Deep belief networks hold great promise for the simulation of human cognition because they show how structured and abstract representations may emerge from probabilistic unsupervised learning. These networks build a hierarchy of progressively more complex distributed representations of the sensory data by fitting a hierarchical generative model. However, learning in deep networks typically requires big datasets and it can involve millions of connection weights, which implies that simulations on standard computers are unfeasible. Developing realistic, medium-to-large-scale learning models of cognition would therefore seem to require expertise in programing parallel-computing hardware, and this might explain why the use of this promising approach is still largely confined to the machine learning community.
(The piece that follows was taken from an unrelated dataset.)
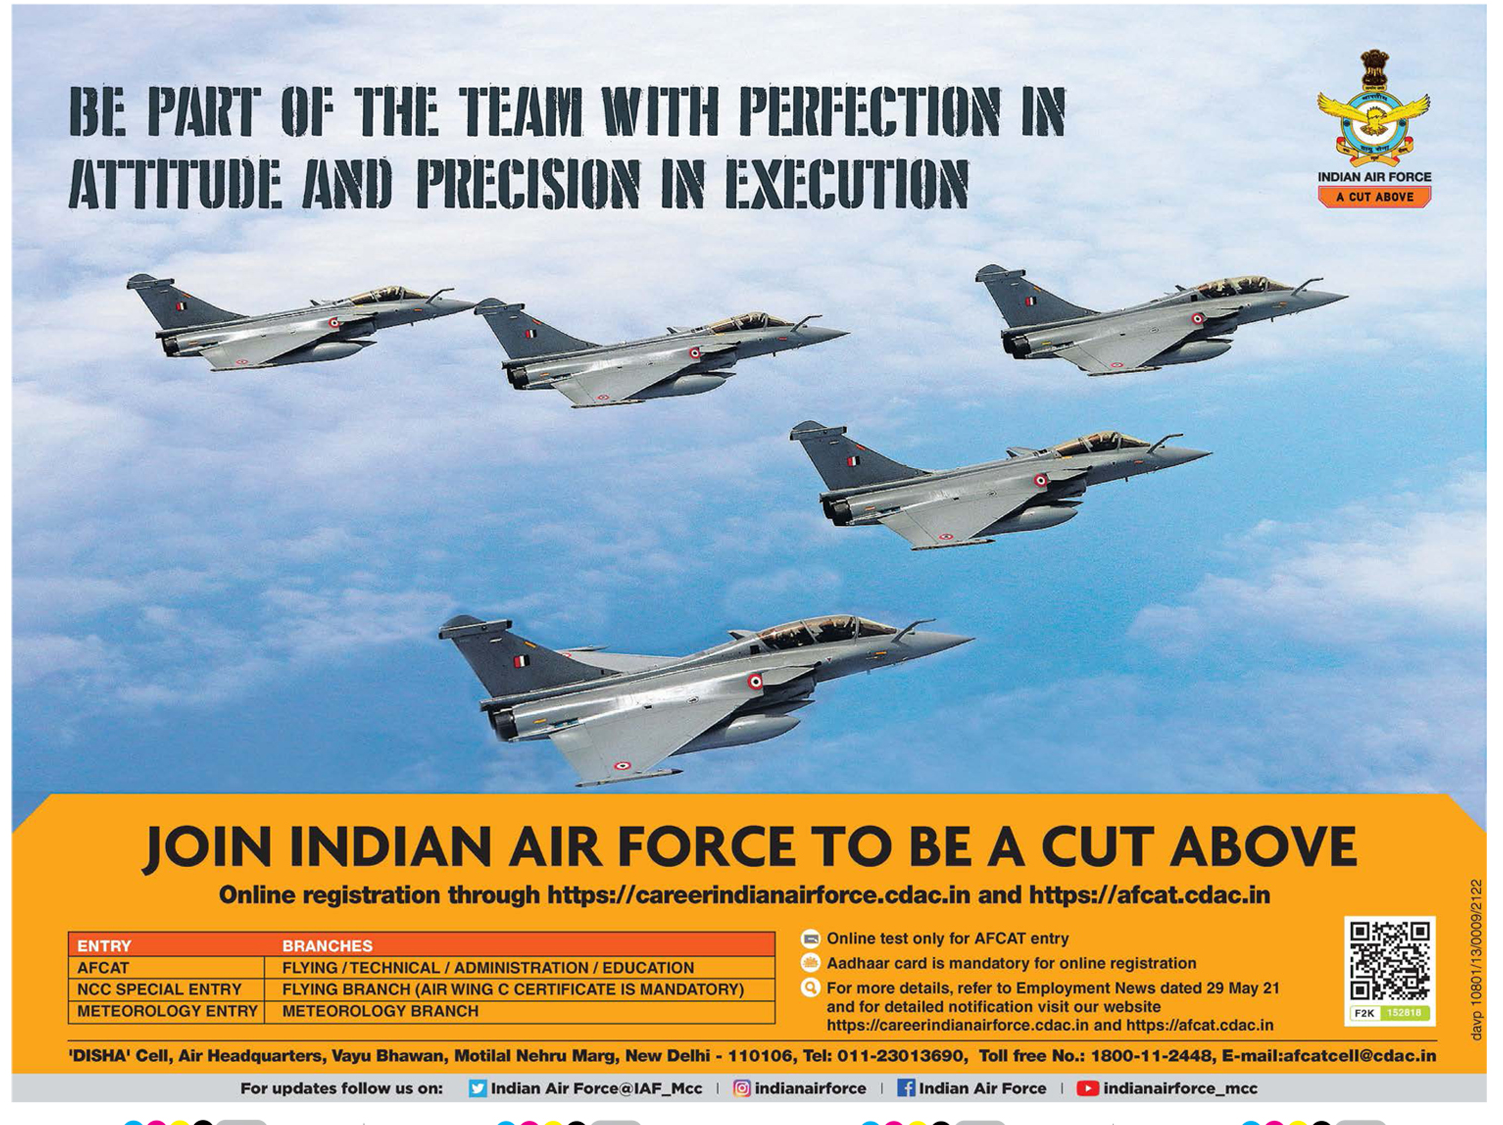 indian-air-force-be-part-of-the-team-with-perfection-in-attitude-and-precision-in-execution-ad-deccan-chronicle-hyderabad-27-06-2021

Here we show how simulations of deep unsupervised learning can be easily performed on a desktop PC by exploiting the processors of low cost graphic cards (graphic processor units) without any specific programing effort, thanks to the use of high-level programming routines (available in MATLAB or Python). We also show that even an entry-level graphic card can outperform a small high-performance computing cluster in terms of learning time and with no loss of learning quality. We therefore conclude that graphic card implementations pave the way for a widespread use of deep learning among cognitive scientists for modeling cognition and behavior.